"Give them the gift of words"

Jun
13th

Bring Back These 11 Englishable Words!

Categories: Vocabulary Building Words, Vocabulary Research |

As Benjamin Franklin once said, “In this world nothing can be said to be certain, except death and taxes” – and we’ll add “and the evolution of the English language” to that quote! The website Death And Taxes recently brought some words to our attention that have been lost in time, but we agree that they’re interesting, and maybe even useful enough to bring back into common use. Old words die off and new words are born, and English continues to grow …

zafty
Someone who is easy to take advantage of, or to be forced or persuaded into doing something.

resistentialism
The belief that inanimate objects are actively hostile to humans; for example that the kitchen table deliberately moved so that you would bang your hip into it while going to get coffee.

beef-witted
Dull, stupid.

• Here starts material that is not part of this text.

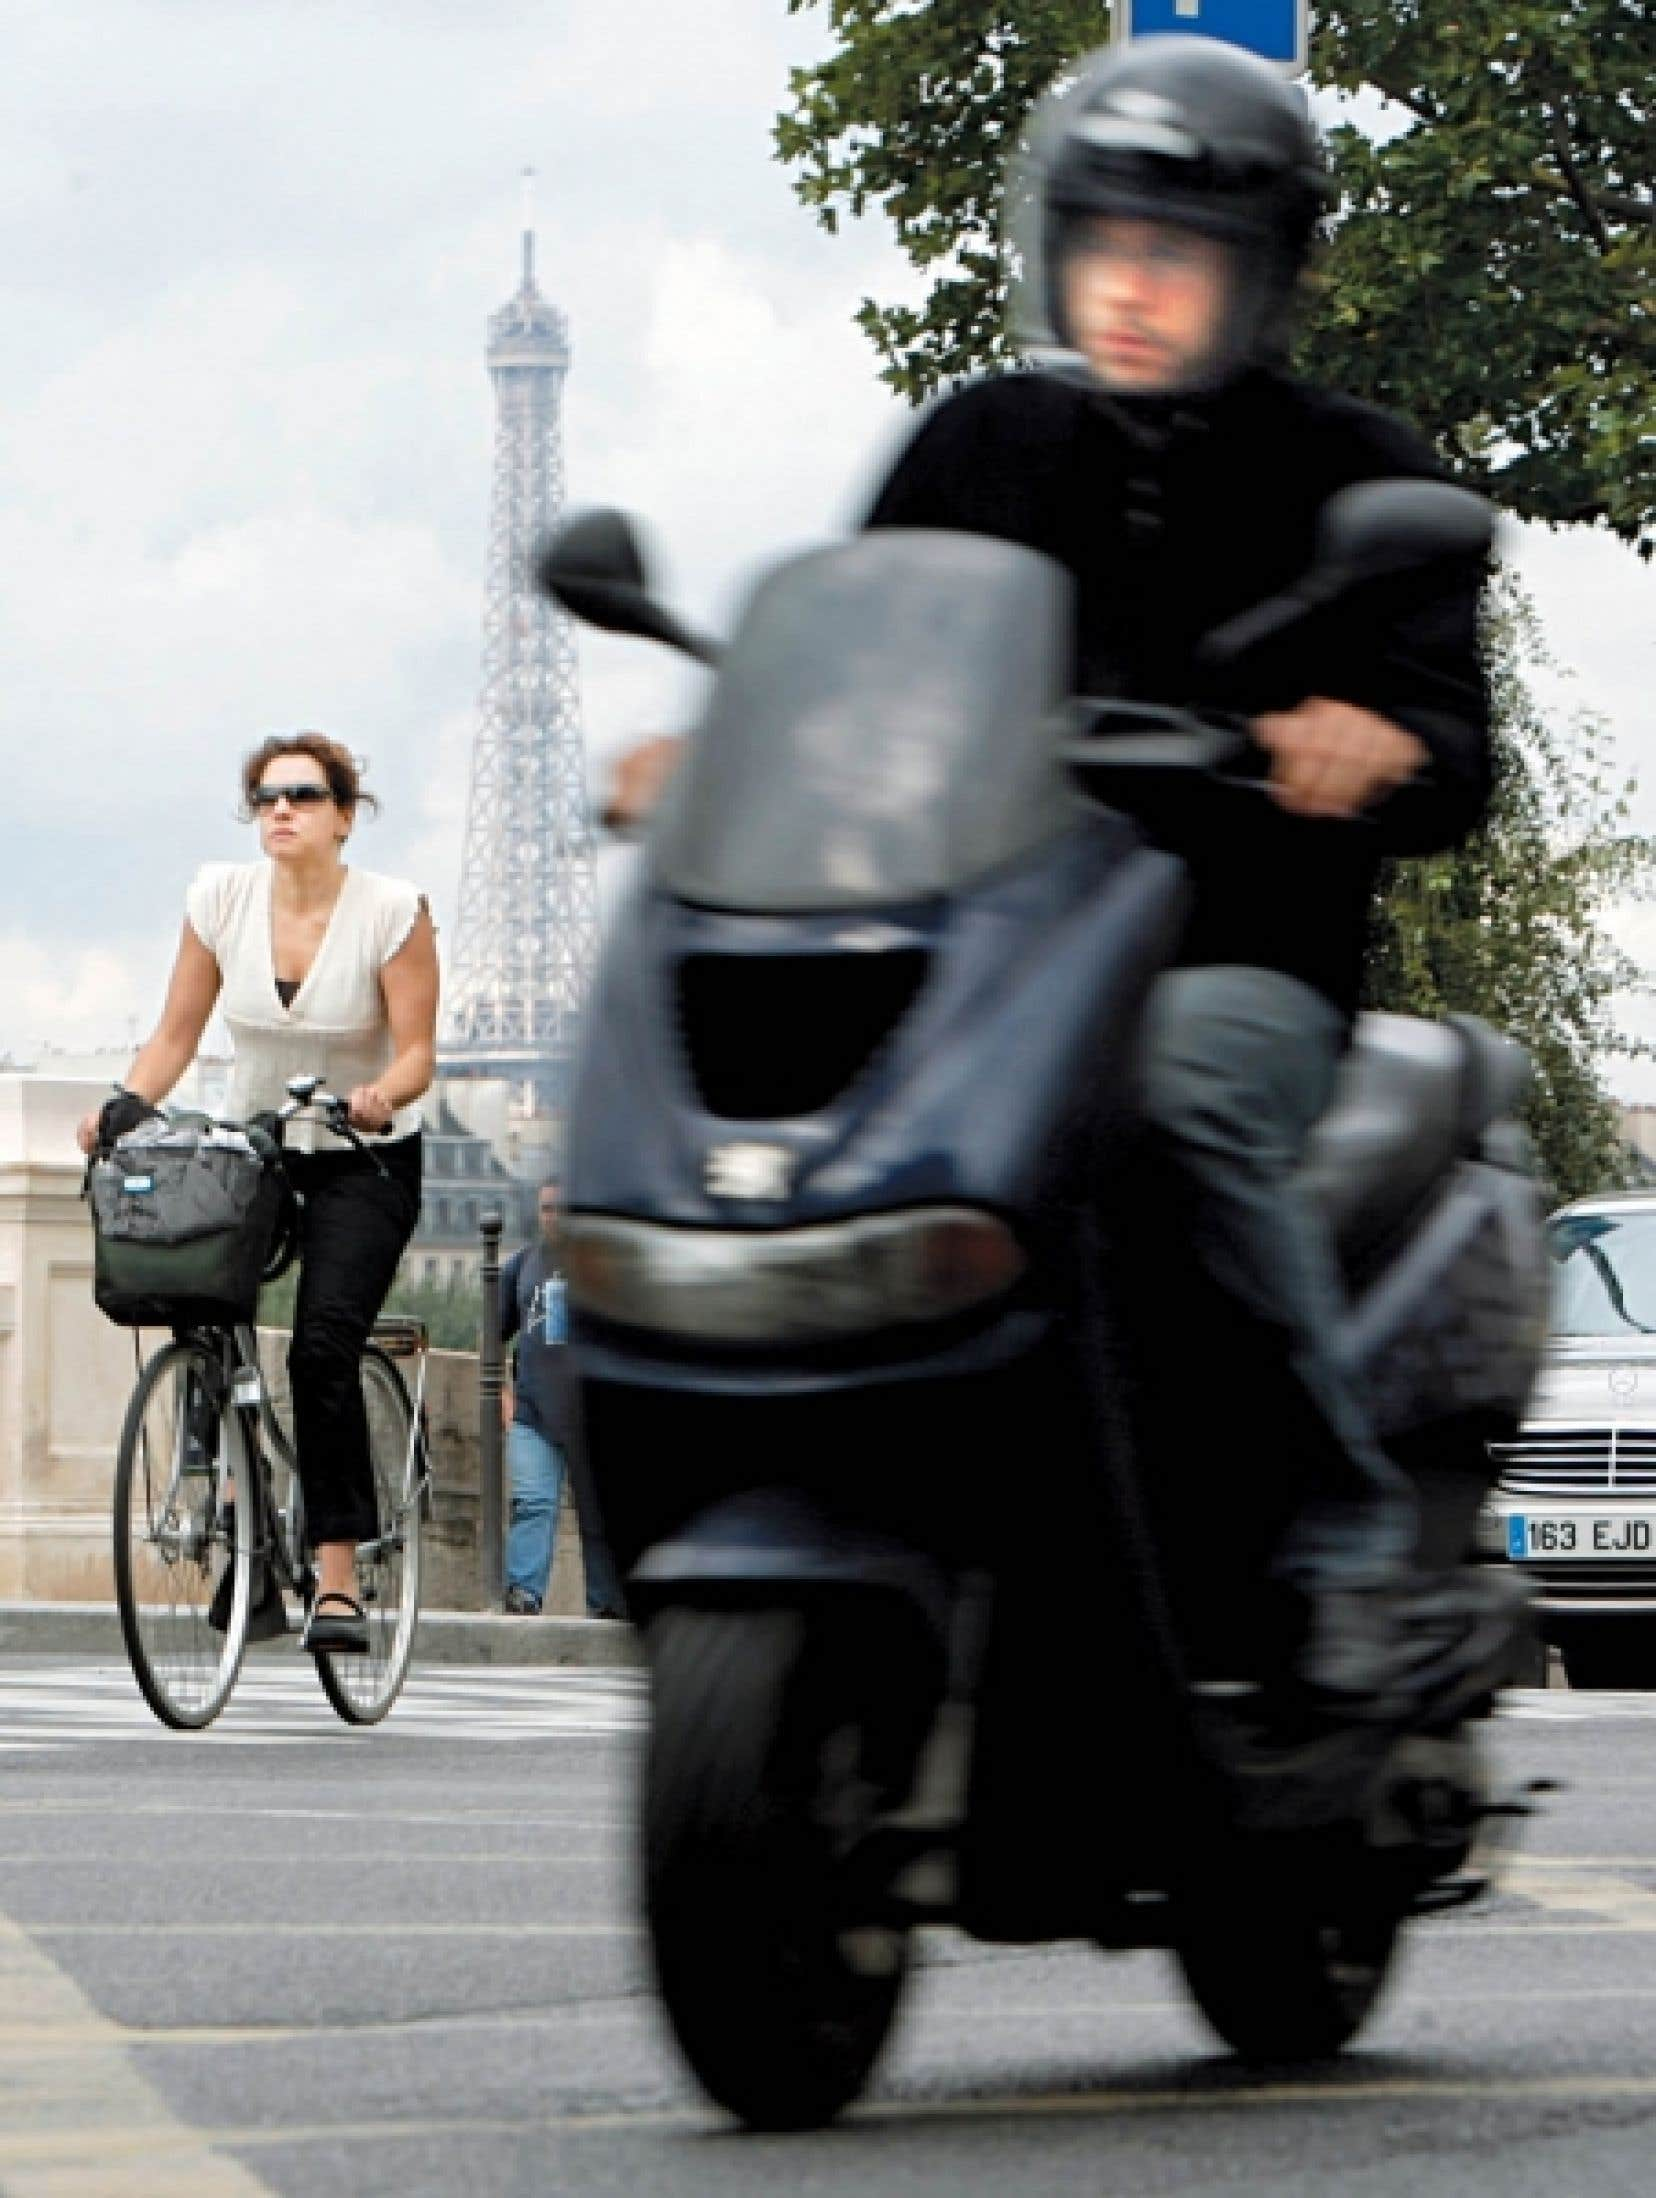 La Ville de Paris repense le transport urbain de manière à donner un net avantage aux deux-roues.<br />

The ancient Greeks believed that eating too much red meat decreased your intelligence, and in Shakespeare’s play Troilus and Cressida (set in Greece) one of his characters shouts, “The plague of Greece upon thee, thou mongrel beef-witted lord!”

tyromancy
An old method of fortune-telling by looking at the way milk curdles. Other ways to see the future included cleromancy (throwing dice), spodomancy (looking at the pattern of ashes after burning wood), and haruspicy (examining the entrails of an animal).

spermologer
Someone who studies or works with trivia.

snoutfair
Having an attractive face (literally – at least in the 16th century – “pretty nose”).

lunting
Lighting and smoking a pipe.

groak
To stare at someone while they’re eating, trying to silently will them to share their food with you.

jirble
To pour liquid carelessly so that it splashes around the container.

elfmill
The sound a worm makes as it eats through the wood of your house.

love-lock
A curl of hair hanging in front of the ear.